Holidays with the Harrisons / The beauty of messy hospitality

My roommate Brian is a swell guy, and in getting to know him better I have also gotten to know his family as well. They have invited me to several family functions, mainly holiday (and soon, a wedding) and today on Easter it was no different.

It started off with going to Easter at 11am at Springbrook Community Church where Brian’s father is the lead pastor.

I was a little early for the 11am service, so I waited around till Brian arrived and then we went into the sanctuary as it was starting…

It was a good Easter service with a few sleigh-of-hand’s by Brian’s father, a lot of laughter and a lot of celebration of the resurrection. From there I met some people Brian knows, and it was nice and social.

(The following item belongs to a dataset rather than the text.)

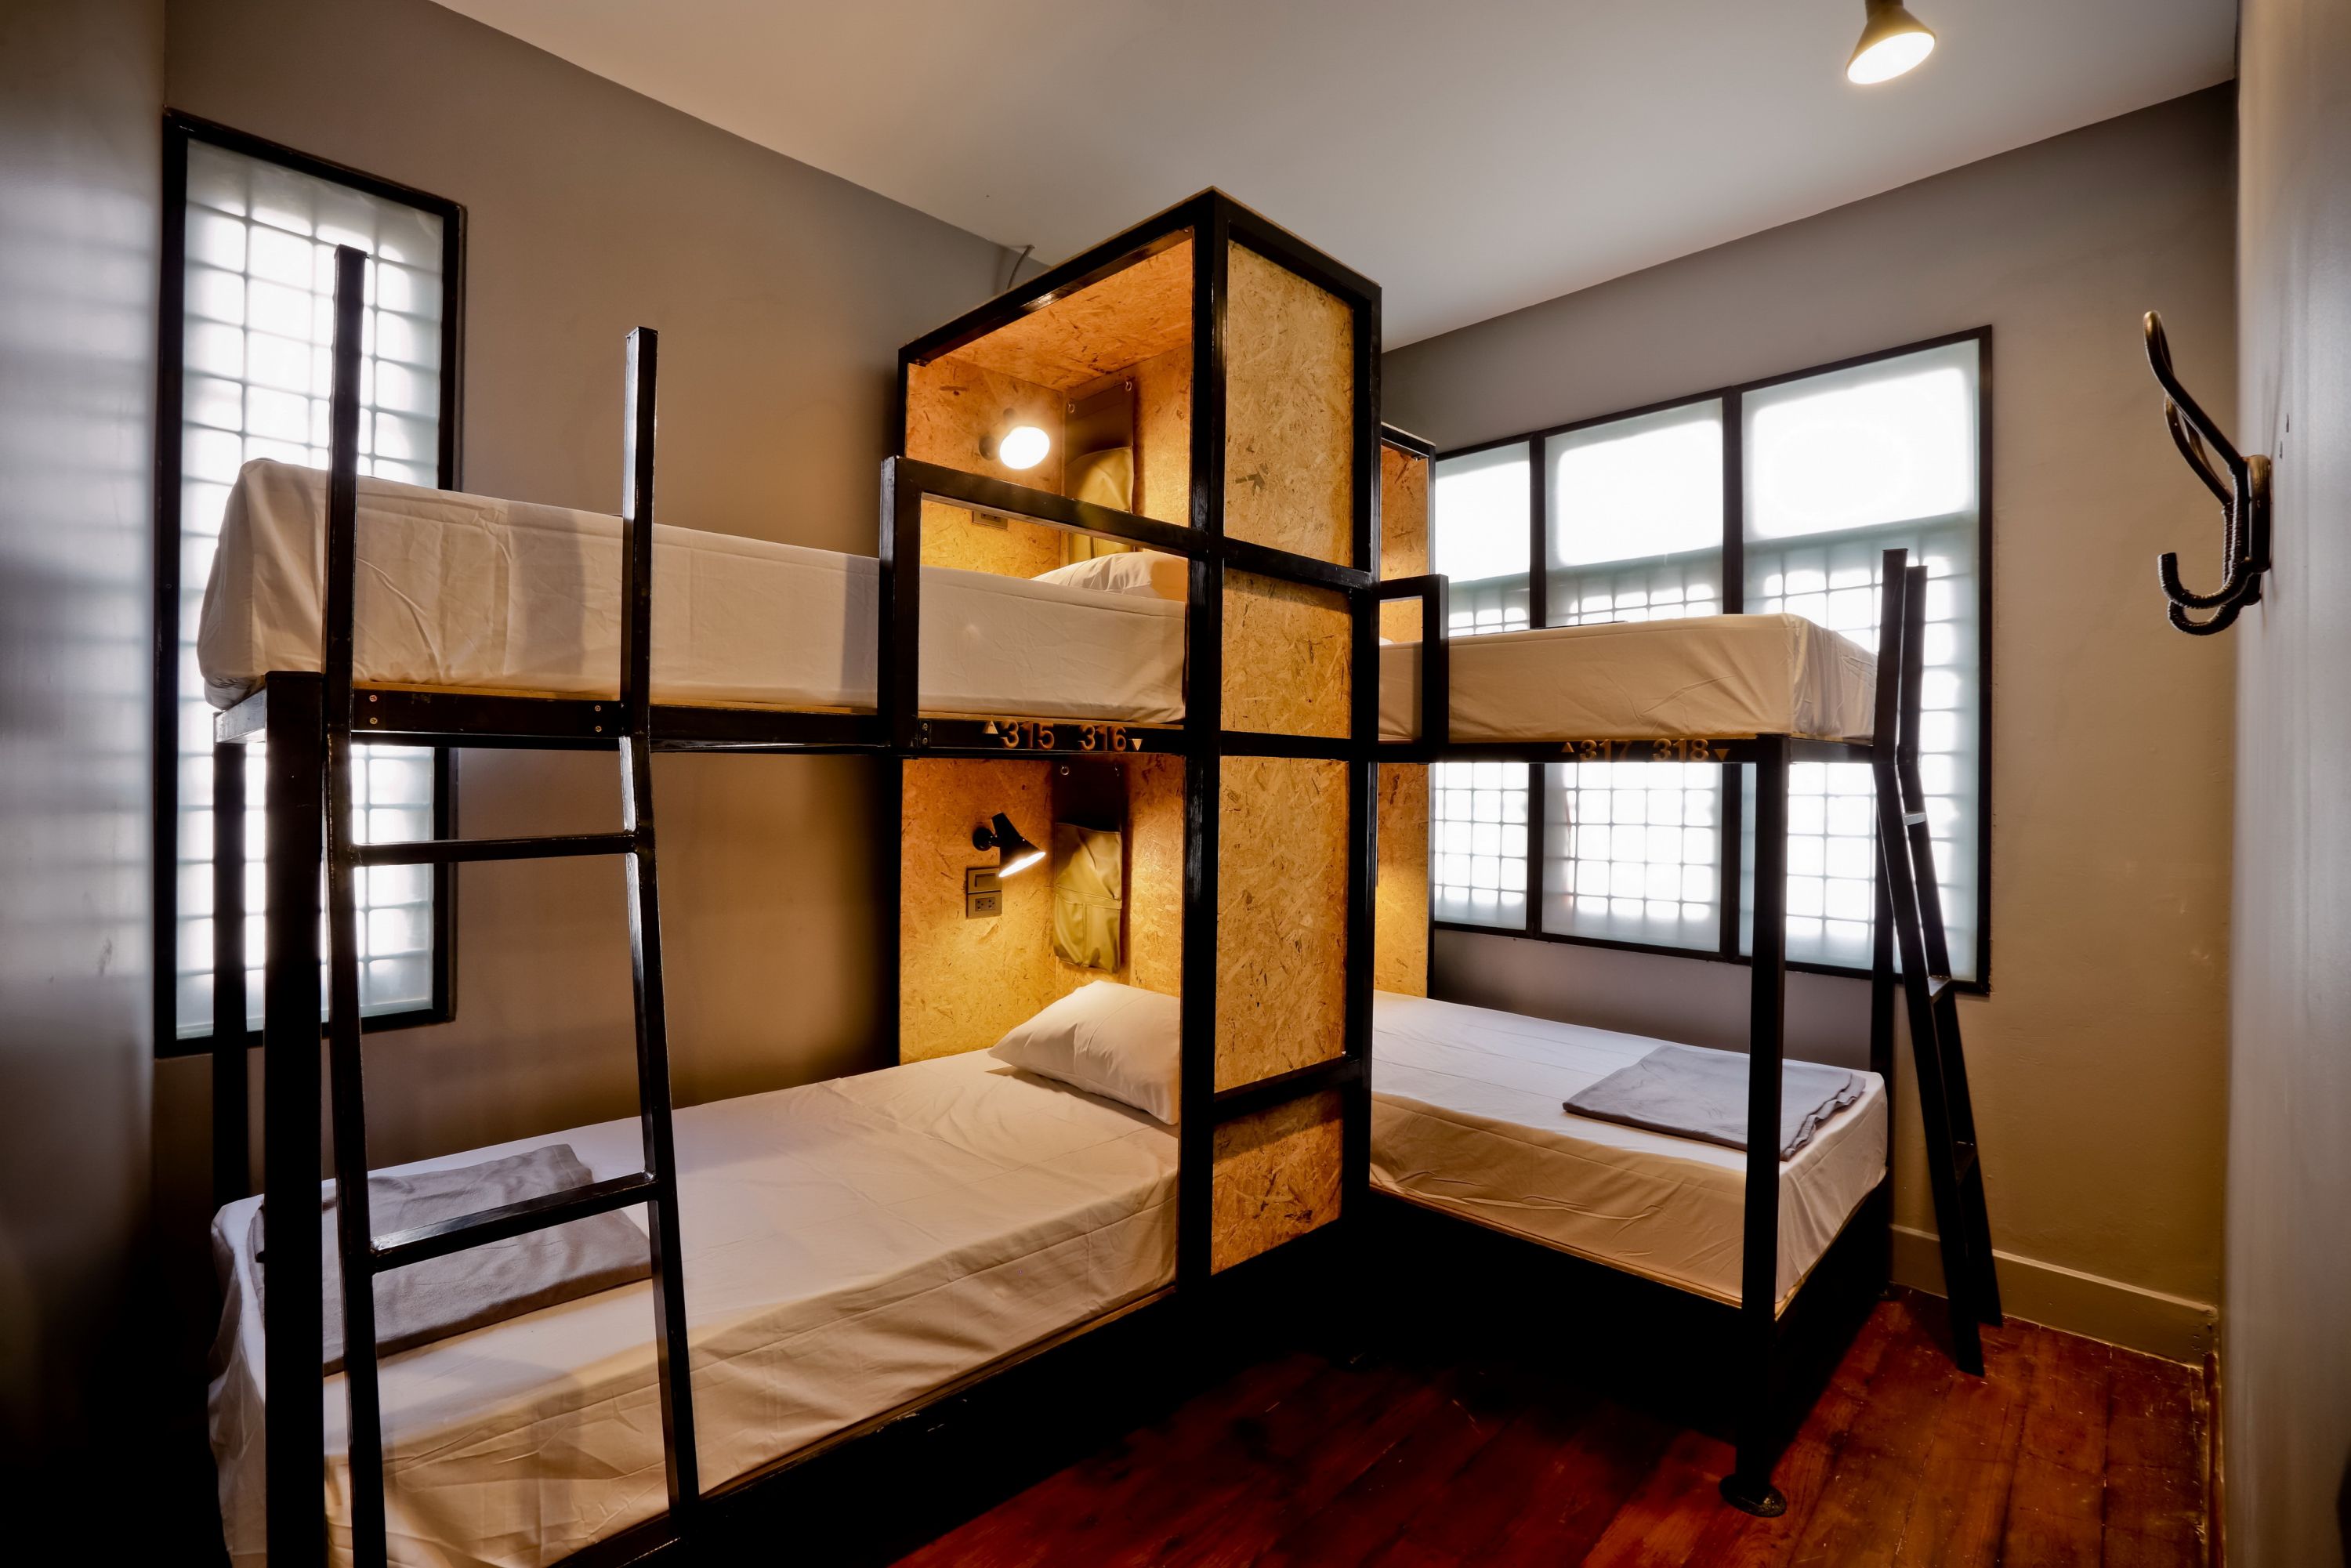 4 bunk beds in a room

From there I drove over to their house for Easter lunch, which was great because they do a good job at being themselves and being hospitable.

“Messy Hospitality” is a phrase I’ve heard before to describe hospitality as-is, no hook lines and sinkers, no catches, what you see is what you get, and so on. The Harrison’s home is such a place, and there’s a welcoming in that family that is “as-is” and I love it completely.
Messy hospitality can get complicated as its fractured and untidy. But I suppose that’s the beauty of it, it comes unvarnished and doesn’t have a shine to it for appearance’s sake. As Leonard Cohen croons in Anthem;

                                                              Ring the bells that still can ring
                                                              Forget your perfect offering
                                                              There is a crack in everything
                                                              That’s how the light gets in.

Growing up my family’s life was very private, and consequently my life was very privatized and compartmentalized. Some of it A lot of it was operating out of fear, and fear compounds itself on fear and before you know it you have this massive fear stack that you have no idea how you’re going to dismantle it…except, say if you move in the direction of honesty (to self inasmuch to others), even if that means transparency and, ultimately, messy hospitality.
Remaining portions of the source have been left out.